EXERCISE DESCRIPTION: Determine how many lines in the material below contain the word "Black", and give that number without comment.

━━━━━━━━━━━━━━━━━━━━

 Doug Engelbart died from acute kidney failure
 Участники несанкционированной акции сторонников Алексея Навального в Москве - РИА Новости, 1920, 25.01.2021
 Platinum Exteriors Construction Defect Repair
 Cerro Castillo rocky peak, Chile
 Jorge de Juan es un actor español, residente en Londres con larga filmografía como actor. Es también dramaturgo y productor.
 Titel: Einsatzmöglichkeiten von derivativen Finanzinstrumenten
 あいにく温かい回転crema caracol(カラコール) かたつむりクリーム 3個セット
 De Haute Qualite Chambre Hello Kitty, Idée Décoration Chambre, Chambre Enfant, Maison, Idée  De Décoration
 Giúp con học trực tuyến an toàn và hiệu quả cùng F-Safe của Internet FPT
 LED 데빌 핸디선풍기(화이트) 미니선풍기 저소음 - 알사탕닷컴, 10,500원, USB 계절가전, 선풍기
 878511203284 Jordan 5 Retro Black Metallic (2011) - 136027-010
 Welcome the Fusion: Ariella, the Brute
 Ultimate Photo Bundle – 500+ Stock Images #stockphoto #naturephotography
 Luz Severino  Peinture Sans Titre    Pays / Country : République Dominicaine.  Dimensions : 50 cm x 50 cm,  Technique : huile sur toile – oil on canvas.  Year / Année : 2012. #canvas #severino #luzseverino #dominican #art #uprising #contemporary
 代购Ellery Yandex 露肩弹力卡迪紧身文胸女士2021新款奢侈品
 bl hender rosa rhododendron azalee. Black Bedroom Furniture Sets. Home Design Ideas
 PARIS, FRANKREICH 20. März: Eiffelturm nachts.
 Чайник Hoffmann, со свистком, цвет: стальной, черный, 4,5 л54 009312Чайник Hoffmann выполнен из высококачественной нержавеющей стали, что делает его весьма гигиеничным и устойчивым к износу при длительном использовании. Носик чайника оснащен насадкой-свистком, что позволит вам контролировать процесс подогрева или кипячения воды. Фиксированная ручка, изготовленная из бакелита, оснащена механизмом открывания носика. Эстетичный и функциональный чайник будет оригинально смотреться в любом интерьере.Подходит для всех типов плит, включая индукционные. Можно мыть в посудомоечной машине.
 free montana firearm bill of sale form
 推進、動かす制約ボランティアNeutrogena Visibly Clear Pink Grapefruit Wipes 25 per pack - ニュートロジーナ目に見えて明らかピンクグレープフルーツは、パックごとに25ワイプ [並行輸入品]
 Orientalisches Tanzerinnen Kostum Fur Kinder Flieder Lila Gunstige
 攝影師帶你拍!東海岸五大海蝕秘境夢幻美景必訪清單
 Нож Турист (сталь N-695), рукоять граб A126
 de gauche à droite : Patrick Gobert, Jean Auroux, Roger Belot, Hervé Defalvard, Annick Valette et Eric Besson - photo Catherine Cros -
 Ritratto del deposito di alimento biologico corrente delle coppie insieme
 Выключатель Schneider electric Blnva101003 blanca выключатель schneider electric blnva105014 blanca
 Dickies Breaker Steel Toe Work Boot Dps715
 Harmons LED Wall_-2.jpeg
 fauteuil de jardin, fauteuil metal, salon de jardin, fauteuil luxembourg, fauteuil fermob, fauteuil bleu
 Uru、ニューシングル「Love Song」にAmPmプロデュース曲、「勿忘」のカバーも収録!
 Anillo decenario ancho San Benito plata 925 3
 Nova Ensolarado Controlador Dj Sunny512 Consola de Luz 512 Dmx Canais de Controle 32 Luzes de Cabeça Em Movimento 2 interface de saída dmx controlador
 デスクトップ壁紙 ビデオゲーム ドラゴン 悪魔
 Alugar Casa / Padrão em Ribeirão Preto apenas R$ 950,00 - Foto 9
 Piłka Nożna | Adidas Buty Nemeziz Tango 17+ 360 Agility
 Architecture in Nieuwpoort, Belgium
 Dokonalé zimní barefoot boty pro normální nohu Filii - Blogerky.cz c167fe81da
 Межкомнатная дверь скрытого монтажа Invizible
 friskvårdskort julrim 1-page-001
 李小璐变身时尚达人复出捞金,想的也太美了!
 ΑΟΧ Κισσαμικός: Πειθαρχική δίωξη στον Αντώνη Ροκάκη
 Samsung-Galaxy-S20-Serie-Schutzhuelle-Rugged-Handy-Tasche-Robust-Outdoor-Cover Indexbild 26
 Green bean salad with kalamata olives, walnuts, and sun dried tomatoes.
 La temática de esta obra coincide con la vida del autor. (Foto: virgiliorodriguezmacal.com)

━━━━━━━━━━━━━━━━━━━━

OUTPUT FOR THIS TASK: 2